Formation of all-oxide solar cells in atmospheric condition based on Cu2O thin-films grown through SILAR technique

We report formation of Cu2O thin-films through successive ionic layer adsorption and reaction (SILAR) process. We have fully characterized the thin-films grown in atmospheric condition with a non-vacuum process. Post-deposition annealing in oxygen environment has led to formation of CuO thin-films. We have formed pn-junctions with a layer of the p-type copper oxides and another layer of n-type SnO2 nanoparticles. Such pn-junctions, along with other oxide semiconductors as carrier blocking layers acted as all-oxide thin-film solar cells which were formed in an atmospheric condition. We report the effect of NiO as a hole-transporting and electron-blocking layer and ZnO as a buffer layer between p- and n-layers to forbid chemical changes occurring at the interface. From scanning tunneling spectroscopy (STS) measurements we could locate band-edges of the materials with respect to their Fermi energy. The NiO/Cu2O/ZnO/SnO2 heterojunction devices having a staircase-like energy level led to facile transport of electrons and holes to the opposite electrodes and thereby acting as all-oxide thin-film solar cells yielding an energy conversion efficiency in excess to 1%.

Suppression of dark current through barrier engineer for solution-processed colloidal quantum-dots infrared photodetectors

In an attempt to suppress the dark current, the barrier layer engineer for solution-processed PbSe colloidal quantum-dot (CQD) photodetectors has been investigated in the present study. It was found that the dark current can be significantly suppressed by implementing two types of carrier blocking layers, namely, hole blocking layer and electron blocking layer, sandwiched in between two active PbSe CQD layers. Meanwhile no adverse impact has been observed for the photo current. Our study suggests that this improvement resides on the transport pathway created via carrier recombination at intermediate layer, which provides wide implications for the suppression of dark current for infrared photodetectors.

Color stability, wave function overlap and leakage currents in InGaN-based LED structures: the role of the substrate orientation

We present a theoretical study of the performance of InGaN-based light-emitting diodes in terms of built-in fields, wave function overlap, emission wavelength shift with current density and leakage currents. We analyze polar (c-plane), semipolar ((11-22), (10-1-3), (20-21) and (20-2-1)) and non-polar systems. Compared with the c-plane, the semipolar planes show substantial improvements. An exceptionally high wave function overlap is expected for the (10-1-3) orientation, making it an attractive alternative to non-polar devices with low InN content. The (11-22) and (20-21) systems give rise to a natural carrier blocking layer, leading to significantly reduced leakage currents.

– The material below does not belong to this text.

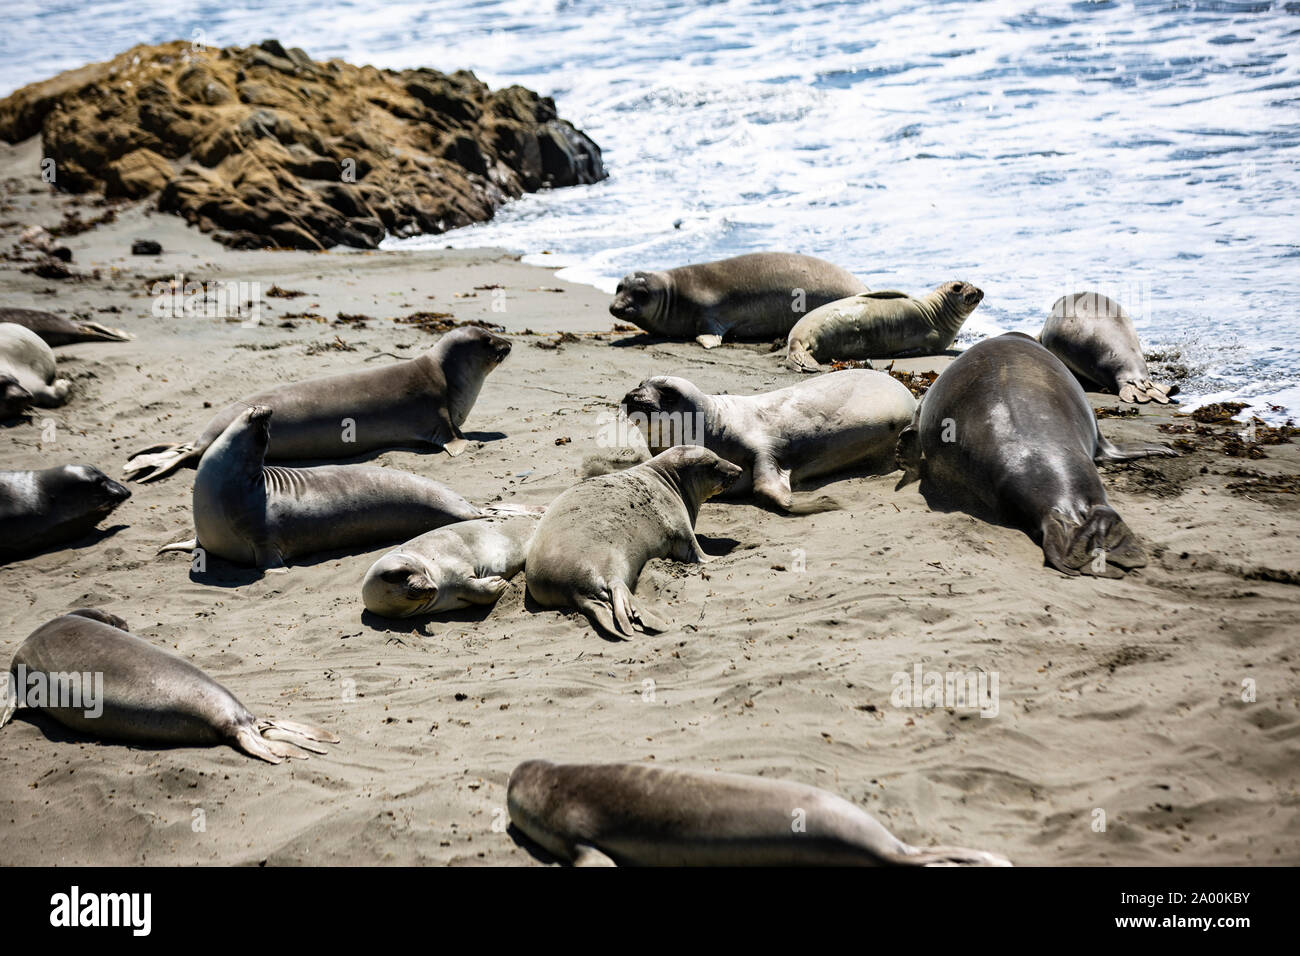 Seelöwen und See-Elefanten liegen am Strand des kalifornischen Küstenabschnitts Big Sur. Die Tiere faulenzen in der Sonne, lassen sich von den Wellen Stock Photo

Minority carrier barrier heterojunctions for improved thermoelectric efficiency

We propose and demonstrate the beneficial use of minority carrier blocking layers to lessen bipolar conduction at elevated temperatures and increase the Seebeck coefficient in a thermoelectric material. Bipolar conduction, caused by thermally activated intrinsic carriers in semiconductors, causes a detrimental “roll-over” in the Seebeck coefficient and increase in thermal conductivity, measured as a function of temperature. We propose that these negative effects can be lessened or delayed in a small band gap host matrix by incorporating wider band gap semiconductor layers to impede the thermal diffusion of minority carriers over majority carriers. To prove this concept, a composite material grown by molecular beam epitaxy of p-type InAs layers and electron blocking p-type AlSb layers were grown and measured. We show improved thermoelectric properties over just p-type InAs in measurements from 110K to 600K.

Balancing high gain and bandwidth in multilayer organic photodetectors with tailored carrier blocking layers

We present detailed studies of the high photocurrent gain behavior in multilayer organic photodiodes containing tailored carrier blocking layers we reported earlier in a Letter [W. T. Hammond and J. Xue, Appl. Phys. Lett. 97, 073302 (2010)], in which a high photocurrent gain of up to 500 was attributed to the accumulation of photogenerated holes at the anode/organic active layer interface and the subsequent drastic increase in secondary electron injection from the anode. Here, we show that both the hole-blocking layer structure and layer thickness strongly influence the magnitude of the photocurrent gain. Temporal studies revealed that the frequency response of such devices is limited by three different processes with lifetimes of 10 μs, 202 μs, and 2.72 ms for the removal of confined holes, which limit the 3 dB bandwidth of these devices to 1.4 kHz. Furthermore, the composition in the mixed organic donor-acceptor photoactive layer affects both gain and bandwidth, which is attributed to the varying charge transport characteristics, and the optimal gain-bandwidth product is achieved with approximately 30% donor content. Finally, these devices show a high dynamic range of more than seven orders of magnitude, although the photocurrent shows a sublinear dependence on the incident optical power.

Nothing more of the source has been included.